**Work task**. Produce an exact copy of all the data below, dropping every image.
━━━ Data block
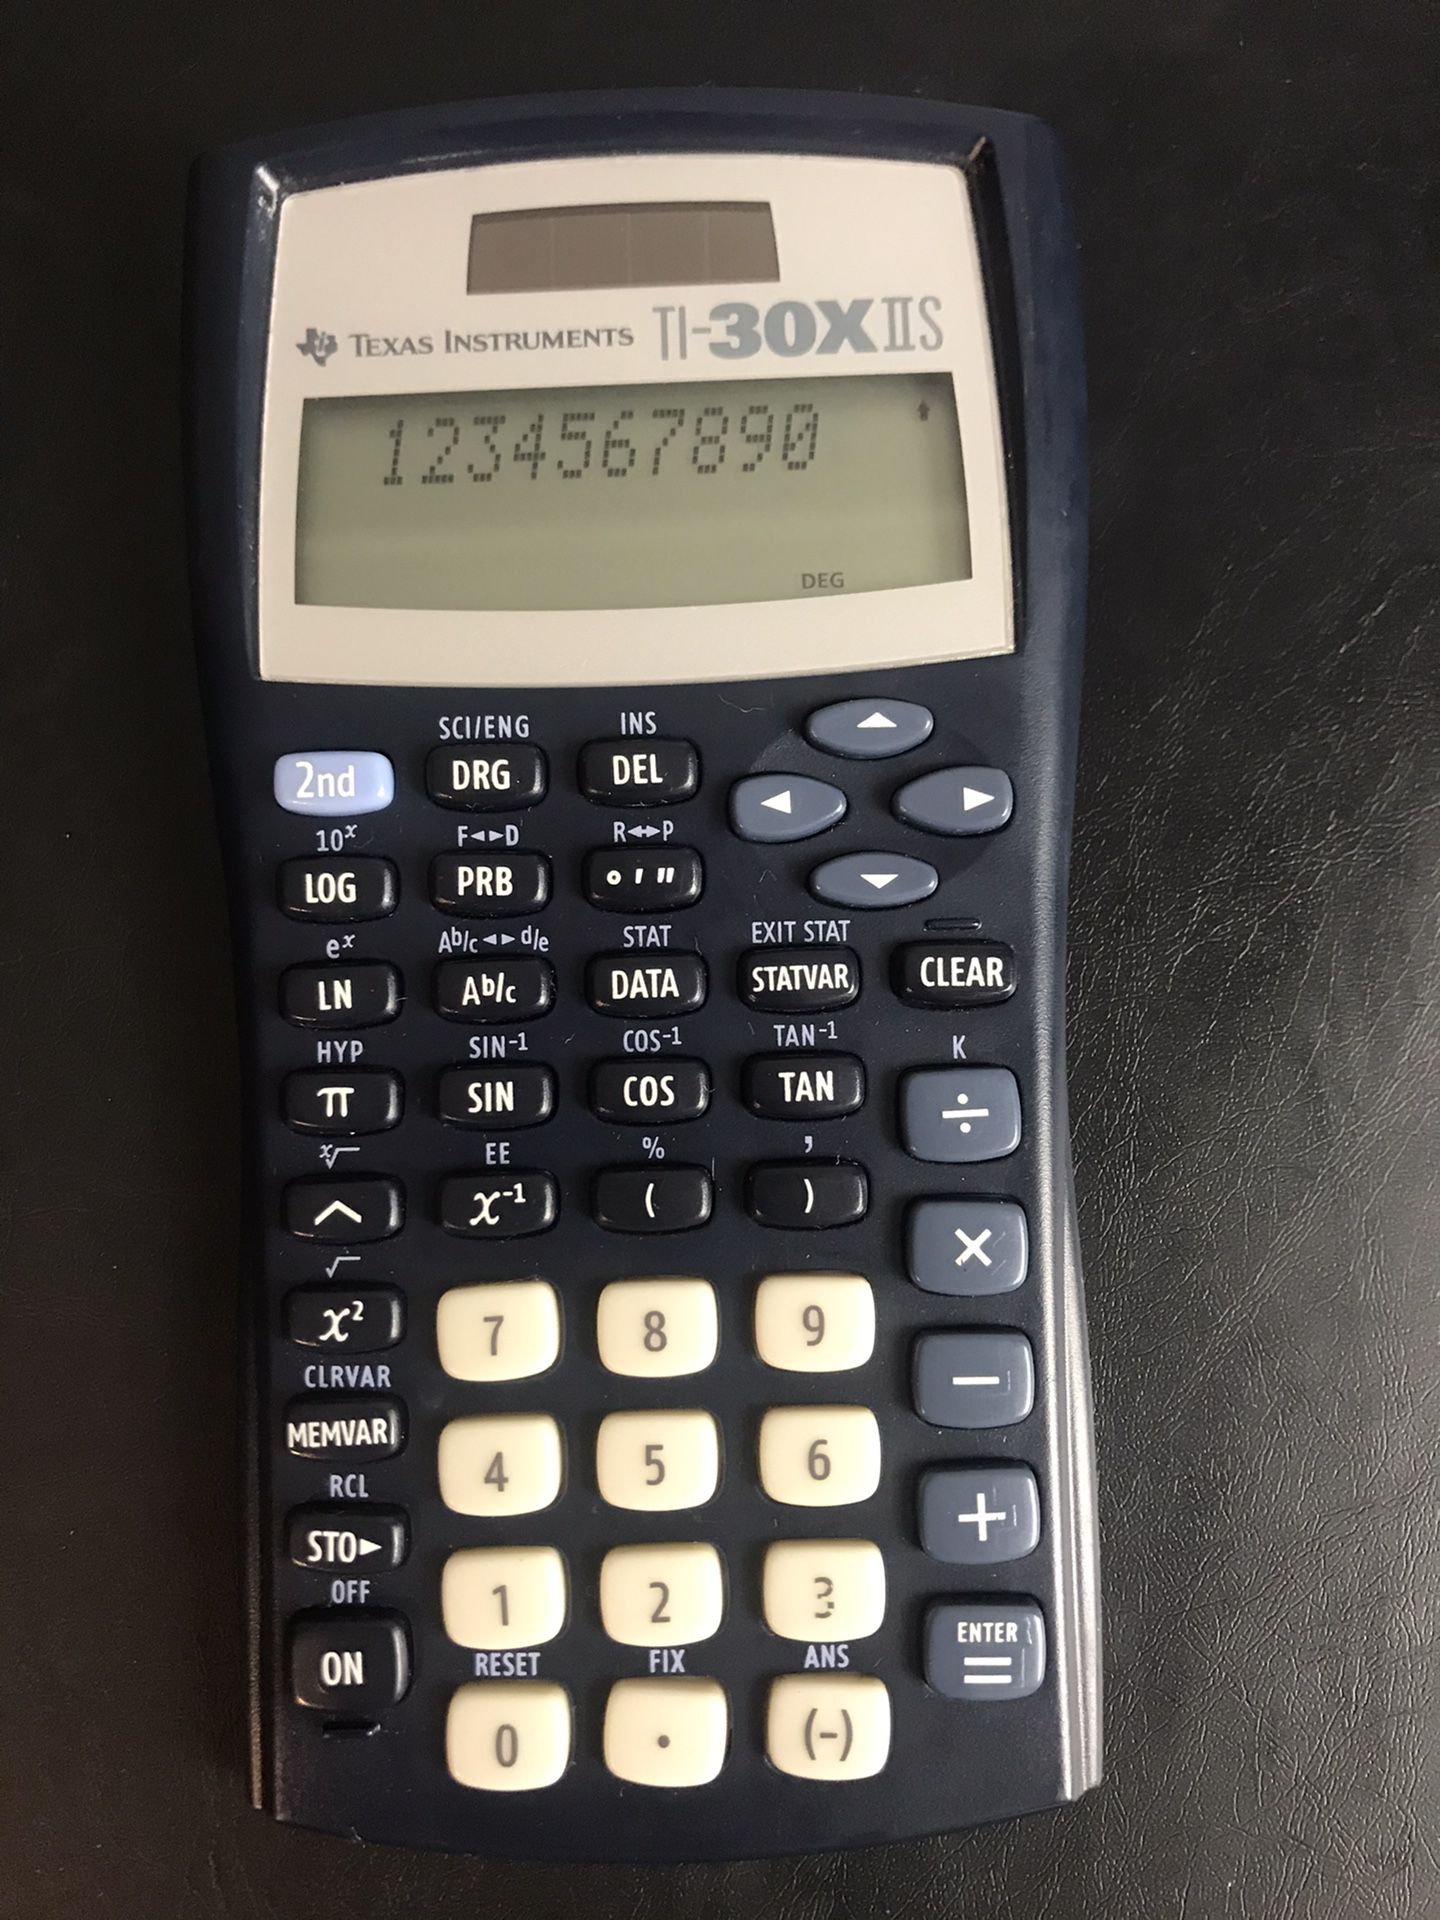 Texas Instruments TI-30X IIS Scientific Calculator - Black
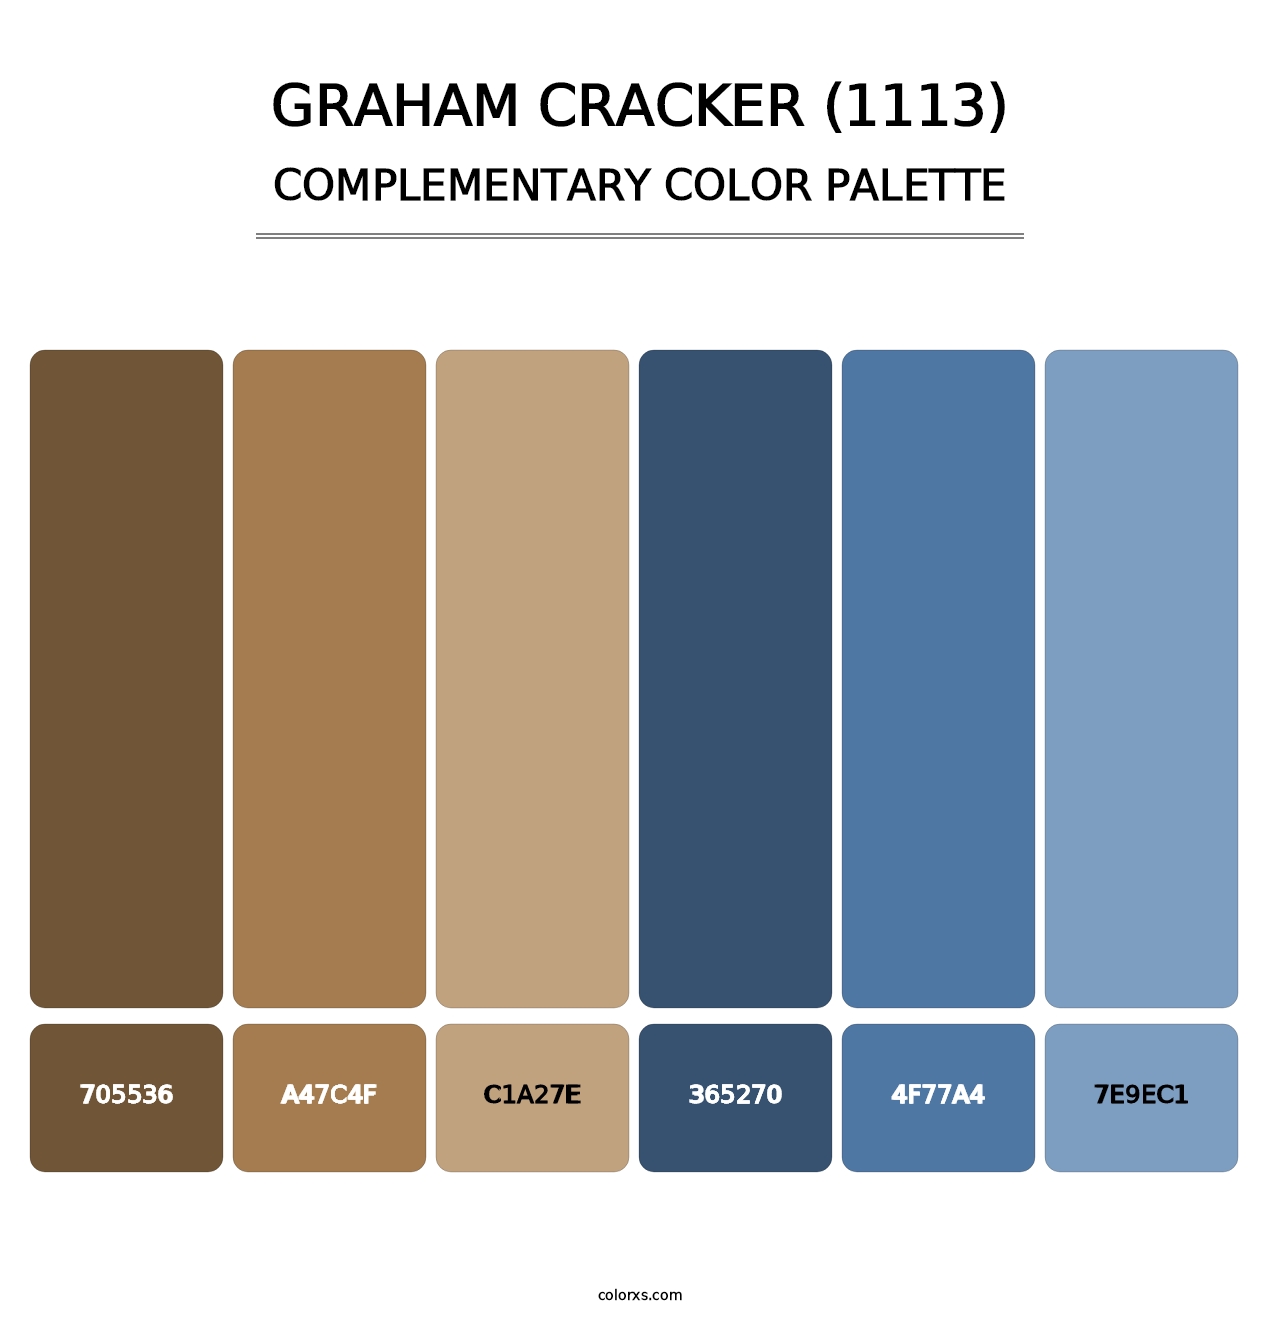 Graham Cracker (1113) - Complementary Color Palette
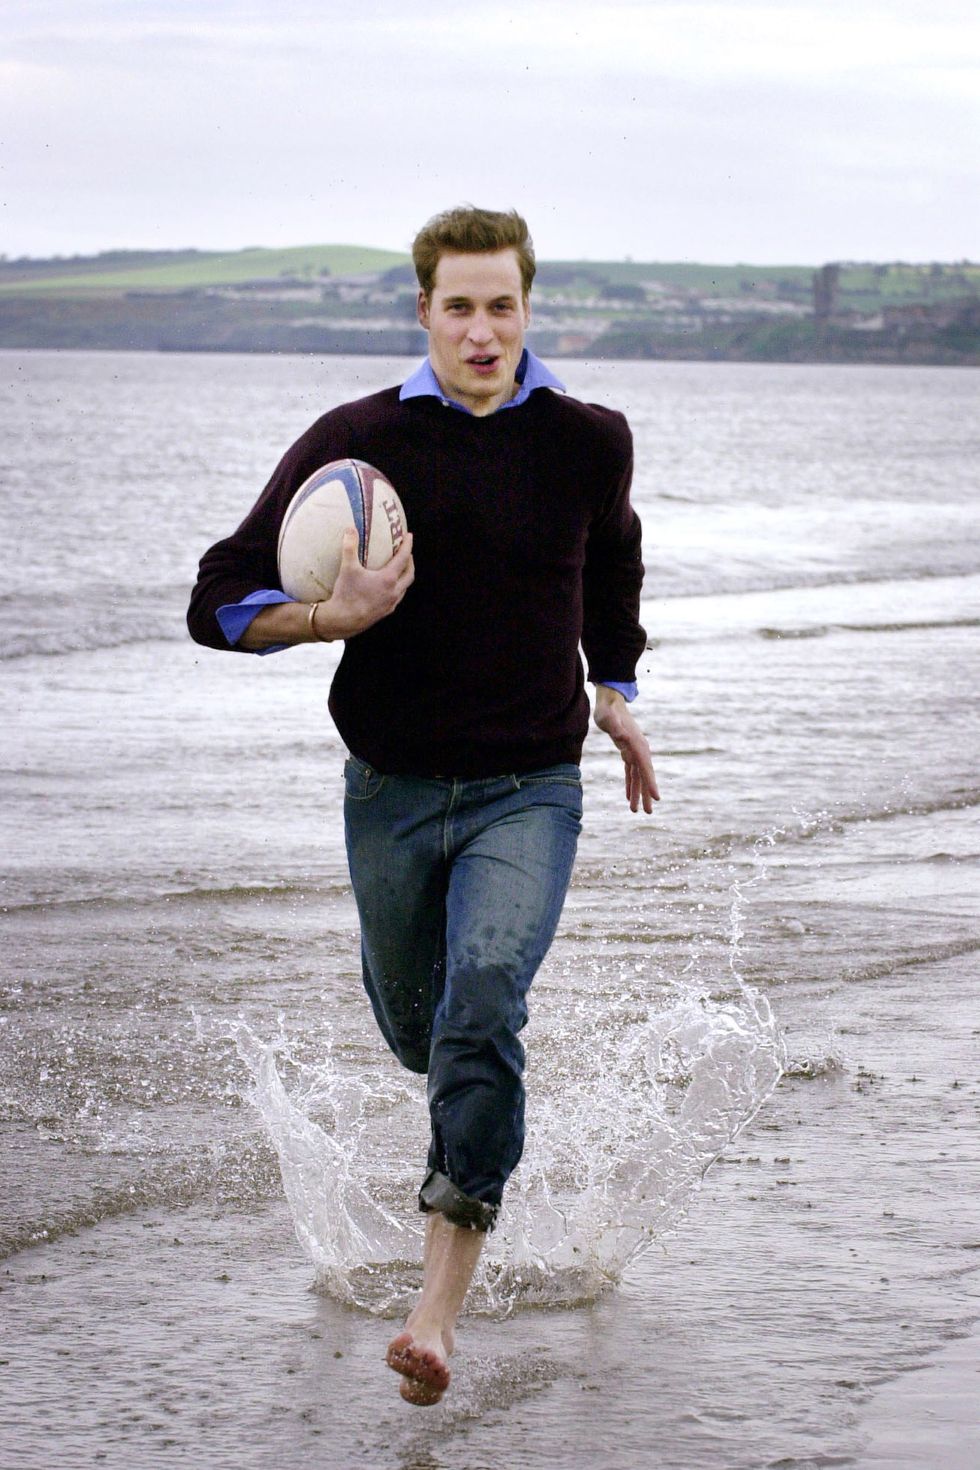 william beach rugby ball
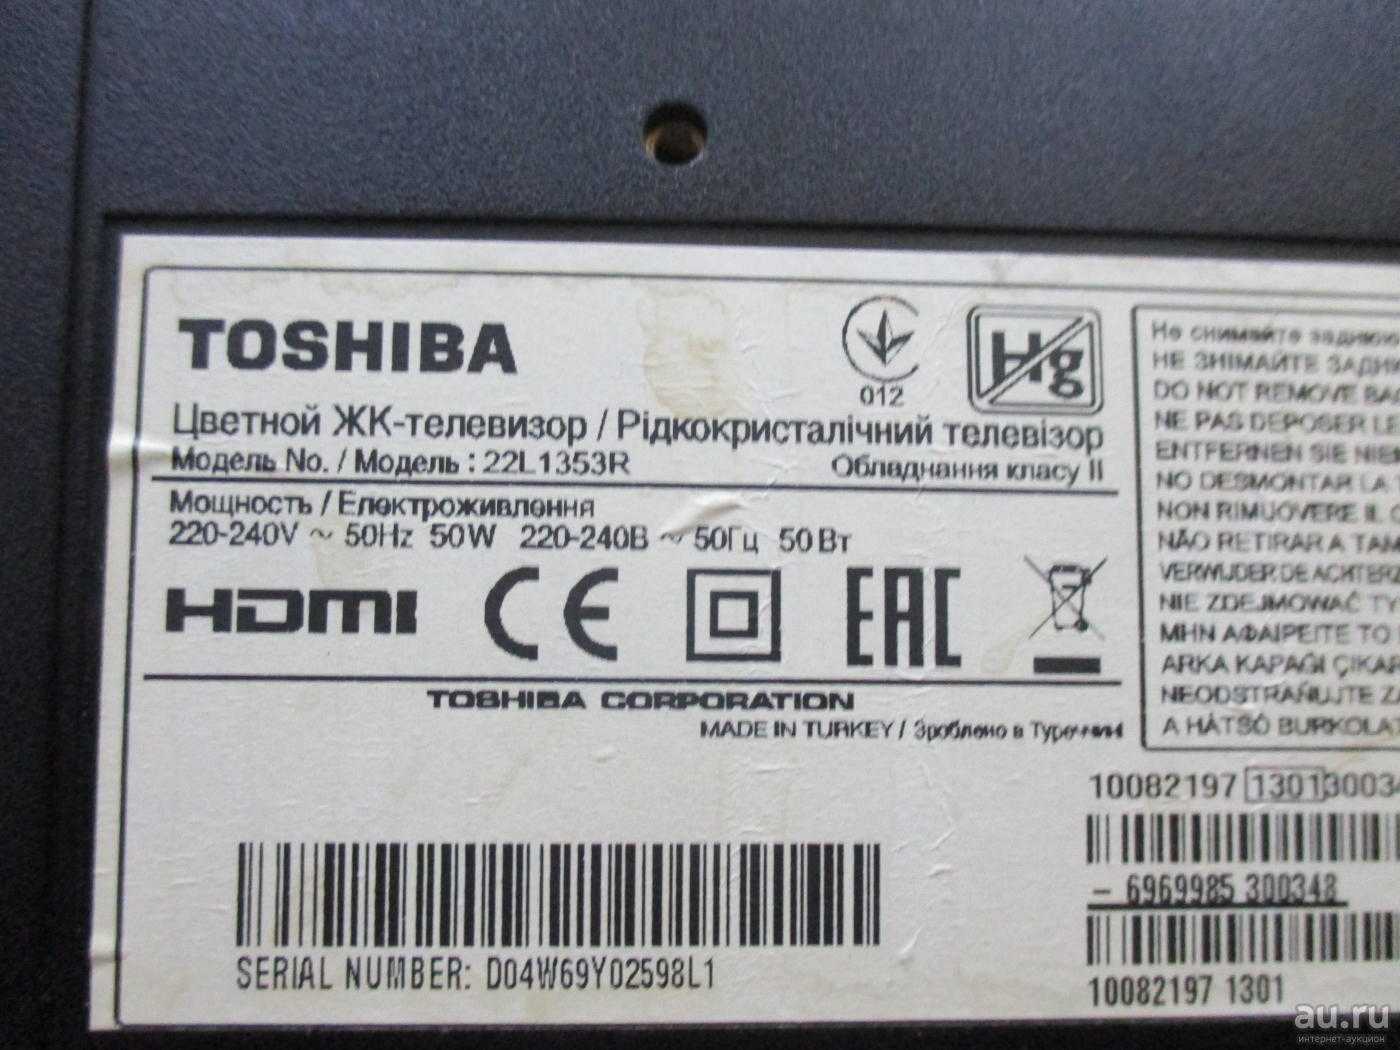 Toshiba 22l1353 - описание, характеристики, тест, отзывы, цены, фото
━━━━━━
**Exercise output**.
 Texas Instruments TI-30X IIS Scientific Calculator - Black
 Graham Cracker (1113) - Complementary Color Palette
 william beach rugby ball
 Toshiba 22l1353 - описание, характеристики, тест, отзывы, цены, фото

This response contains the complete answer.